This year’s World Wildlife Day dedicated to forests
The emphasis is on the central role of forests, forest species and ecosystems services in sustaining the livelihoods of hundreds of millions of people across the globe, especially indigenous and local communities with historic ties to forests and forest-adjacent areas.
In Slovenia, forests cover nearly 60% of the territory, of which nearly a half are included in the Natura 2000 network. Forests account for as much as 70% of the area covered by Natura 2000 sites and therefore effective management of forests within the Natura 2000 network is of exceptional importance for both maintaining the favourable conservation status of endangered animal and plant species, as well as their habitats and habitat types. Forty-eight Natura 2000 species (forty-three animal and five plant species) and eleven Natura 2000 habitat types can be found in forests.

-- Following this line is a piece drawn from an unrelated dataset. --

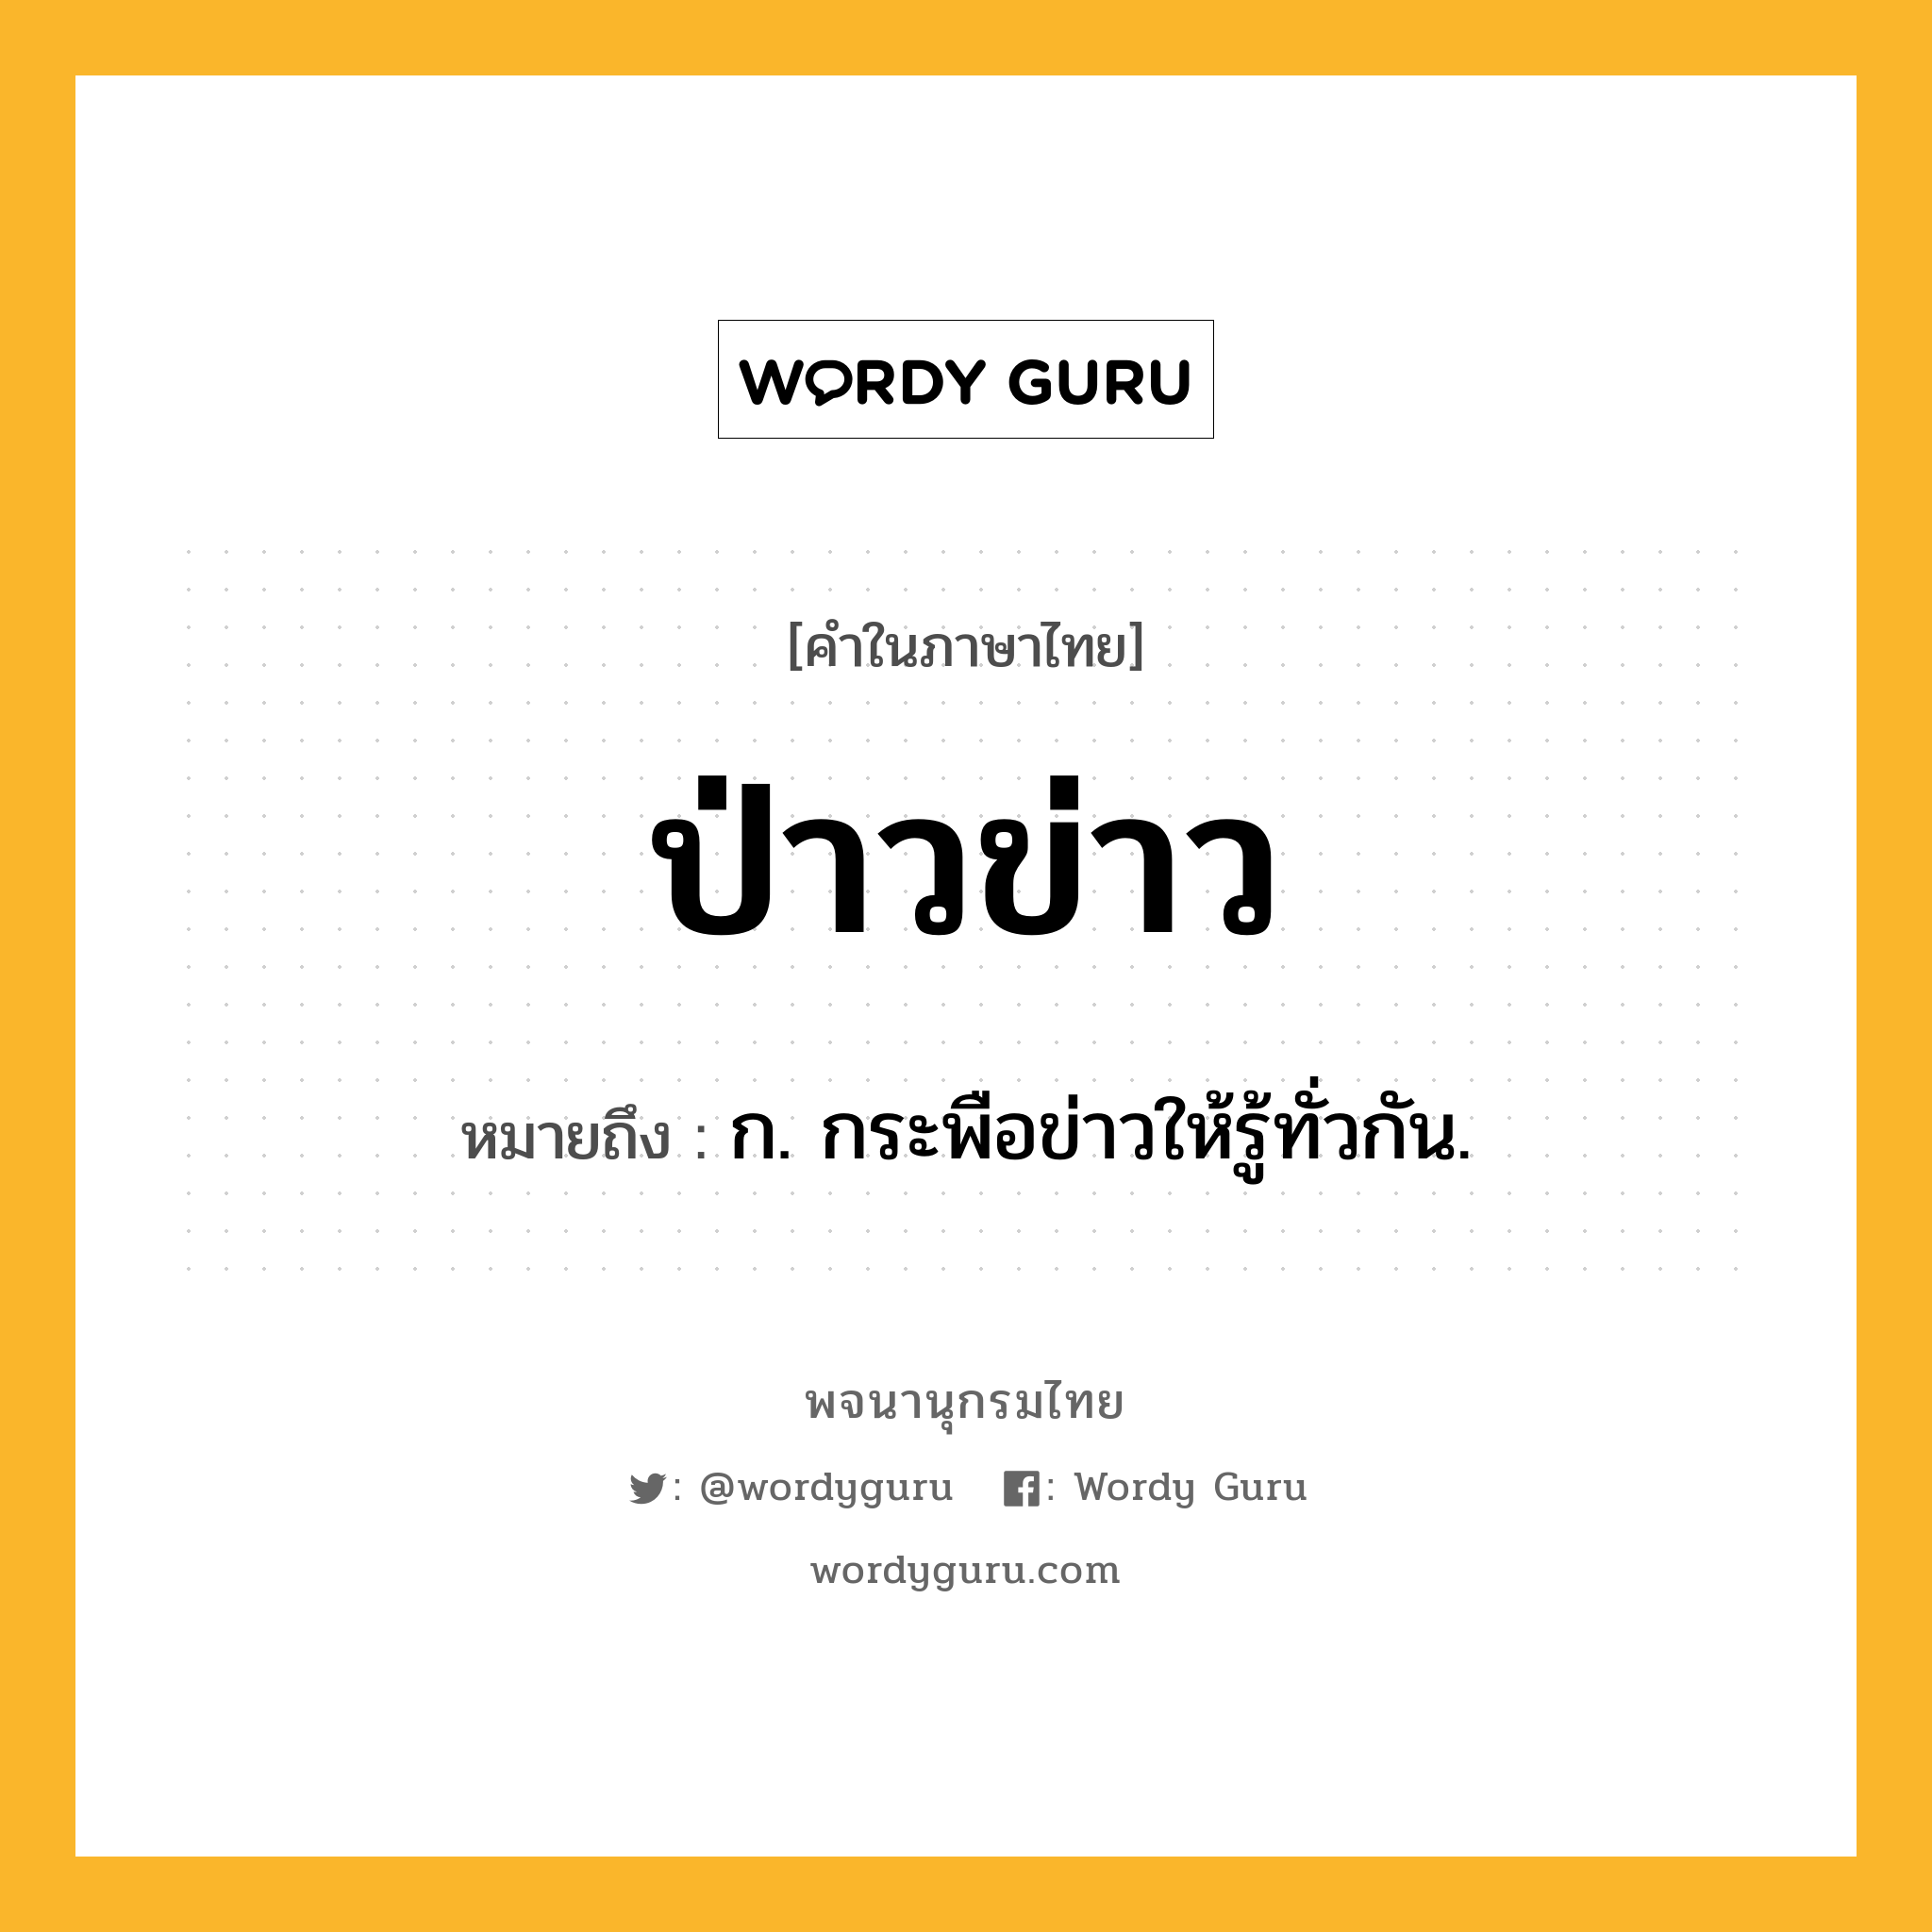 ป่าวข่าว ความหมาย หมายถึงอะไร?, คำในภาษาไทย ป่าวข่าว หมายถึง ก. กระพือข่าวให้รู้ทั่วกัน.

In cooperation with the Slovenian Forest Service, Institute for Nature Protection, Ministry of Agriculture, Forestry and Food, and other partners and stakeholders in Slovenia, we strive to preserve and improve the status of important European species and habitat types through the Natura 2000 Management Programme. We are also working closely together with these organisations on the new Natura 2000 management programme for the 2022–2028 period, which is being prepared as part of the LIFE integrated project for enhanced Natura 2000 management in Slovenia (LIFE-IP NATURA.SI). In this regard, special attention will have to be dedicated to forest species and habitat types with an unfavourable conservation status.